SOURCE MATERIAL below:

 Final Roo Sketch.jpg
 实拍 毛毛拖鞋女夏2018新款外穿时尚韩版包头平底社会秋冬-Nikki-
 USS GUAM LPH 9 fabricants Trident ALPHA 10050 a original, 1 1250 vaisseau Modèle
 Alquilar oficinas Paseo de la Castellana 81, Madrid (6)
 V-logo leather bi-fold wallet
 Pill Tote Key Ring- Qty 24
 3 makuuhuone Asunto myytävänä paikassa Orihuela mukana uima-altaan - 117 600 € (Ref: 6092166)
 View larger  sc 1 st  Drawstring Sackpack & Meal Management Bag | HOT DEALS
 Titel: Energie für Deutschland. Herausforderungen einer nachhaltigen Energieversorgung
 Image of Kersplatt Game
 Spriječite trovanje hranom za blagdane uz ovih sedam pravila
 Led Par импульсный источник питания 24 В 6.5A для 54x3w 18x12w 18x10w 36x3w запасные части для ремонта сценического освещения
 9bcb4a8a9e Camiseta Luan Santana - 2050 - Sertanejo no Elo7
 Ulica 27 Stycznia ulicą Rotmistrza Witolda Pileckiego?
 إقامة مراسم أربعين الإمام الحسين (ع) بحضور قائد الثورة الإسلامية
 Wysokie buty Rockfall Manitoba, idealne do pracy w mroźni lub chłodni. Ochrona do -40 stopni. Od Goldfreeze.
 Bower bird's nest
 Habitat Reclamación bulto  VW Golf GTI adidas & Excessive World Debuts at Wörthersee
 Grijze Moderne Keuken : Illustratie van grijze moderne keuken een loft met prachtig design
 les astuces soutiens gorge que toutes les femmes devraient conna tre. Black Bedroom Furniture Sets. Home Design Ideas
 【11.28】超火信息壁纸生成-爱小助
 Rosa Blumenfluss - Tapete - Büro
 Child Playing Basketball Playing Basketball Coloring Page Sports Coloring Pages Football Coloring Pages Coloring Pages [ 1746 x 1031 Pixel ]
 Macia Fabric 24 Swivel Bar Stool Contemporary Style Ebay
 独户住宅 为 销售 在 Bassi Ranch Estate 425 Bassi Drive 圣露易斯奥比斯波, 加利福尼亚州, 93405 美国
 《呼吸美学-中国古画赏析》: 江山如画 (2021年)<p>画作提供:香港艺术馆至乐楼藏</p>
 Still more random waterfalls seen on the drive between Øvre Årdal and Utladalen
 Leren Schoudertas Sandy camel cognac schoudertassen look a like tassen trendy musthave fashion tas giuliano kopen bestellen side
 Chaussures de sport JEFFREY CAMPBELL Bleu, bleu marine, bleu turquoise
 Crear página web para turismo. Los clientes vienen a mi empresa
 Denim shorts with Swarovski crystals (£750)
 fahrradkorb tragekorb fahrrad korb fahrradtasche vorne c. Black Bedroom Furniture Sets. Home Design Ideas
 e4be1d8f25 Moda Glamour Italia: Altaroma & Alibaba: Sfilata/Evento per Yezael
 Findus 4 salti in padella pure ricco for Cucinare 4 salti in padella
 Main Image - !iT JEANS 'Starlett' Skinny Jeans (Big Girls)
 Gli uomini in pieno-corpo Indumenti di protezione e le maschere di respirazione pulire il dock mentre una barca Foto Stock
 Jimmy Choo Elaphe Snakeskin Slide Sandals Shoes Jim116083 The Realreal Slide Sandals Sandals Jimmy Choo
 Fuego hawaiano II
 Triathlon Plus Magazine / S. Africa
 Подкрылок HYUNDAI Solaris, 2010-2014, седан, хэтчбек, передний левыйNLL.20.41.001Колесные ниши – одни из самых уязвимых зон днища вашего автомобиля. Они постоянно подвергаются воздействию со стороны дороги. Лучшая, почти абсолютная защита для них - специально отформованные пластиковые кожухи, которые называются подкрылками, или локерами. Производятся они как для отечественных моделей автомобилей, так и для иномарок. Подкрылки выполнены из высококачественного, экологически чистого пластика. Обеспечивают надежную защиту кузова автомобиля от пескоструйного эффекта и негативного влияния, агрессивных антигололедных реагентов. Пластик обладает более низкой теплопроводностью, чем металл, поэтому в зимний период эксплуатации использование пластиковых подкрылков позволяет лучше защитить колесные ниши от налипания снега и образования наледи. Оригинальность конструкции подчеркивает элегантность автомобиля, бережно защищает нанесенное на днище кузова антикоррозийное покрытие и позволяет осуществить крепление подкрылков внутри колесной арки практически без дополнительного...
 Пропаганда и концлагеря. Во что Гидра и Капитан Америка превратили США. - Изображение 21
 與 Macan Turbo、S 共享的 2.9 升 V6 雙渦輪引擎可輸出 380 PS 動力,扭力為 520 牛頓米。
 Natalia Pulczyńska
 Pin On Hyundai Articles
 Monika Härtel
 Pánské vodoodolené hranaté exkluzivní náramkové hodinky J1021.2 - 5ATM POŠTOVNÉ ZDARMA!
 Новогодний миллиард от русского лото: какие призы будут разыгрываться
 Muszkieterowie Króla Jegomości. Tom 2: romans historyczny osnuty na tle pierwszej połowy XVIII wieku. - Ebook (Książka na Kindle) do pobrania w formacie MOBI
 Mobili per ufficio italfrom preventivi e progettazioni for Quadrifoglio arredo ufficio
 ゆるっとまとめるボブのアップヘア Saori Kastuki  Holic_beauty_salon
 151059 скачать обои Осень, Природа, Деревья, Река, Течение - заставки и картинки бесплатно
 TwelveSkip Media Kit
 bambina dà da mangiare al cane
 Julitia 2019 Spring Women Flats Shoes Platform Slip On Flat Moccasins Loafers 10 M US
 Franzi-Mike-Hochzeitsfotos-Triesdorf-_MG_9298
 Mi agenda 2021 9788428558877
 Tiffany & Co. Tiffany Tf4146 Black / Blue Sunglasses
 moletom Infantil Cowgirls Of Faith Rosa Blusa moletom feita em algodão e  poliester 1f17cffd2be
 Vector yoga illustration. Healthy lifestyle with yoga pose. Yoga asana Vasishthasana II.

End of SOURCE MATERIAL.

DIRECTIONS FOR THIS TASK:
Every line from the top of the material through the line containing "Titel: Energie für" must be transcribed exactly, and no other line may appear.

OUTPUT BELOW:
 Final Roo Sketch.jpg
 实拍 毛毛拖鞋女夏2018新款外穿时尚韩版包头平底社会秋冬-Nikki-
 USS GUAM LPH 9 fabricants Trident ALPHA 10050 a original, 1 1250 vaisseau Modèle
 Alquilar oficinas Paseo de la Castellana 81, Madrid (6)
 V-logo leather bi-fold wallet
 Pill Tote Key Ring- Qty 24
 3 makuuhuone Asunto myytävänä paikassa Orihuela mukana uima-altaan - 117 600 € (Ref: 6092166)
 View larger  sc 1 st  Drawstring Sackpack & Meal Management Bag | HOT DEALS
 Titel: Energie für Deutschland. Herausforderungen einer nachhaltigen Energieversorgung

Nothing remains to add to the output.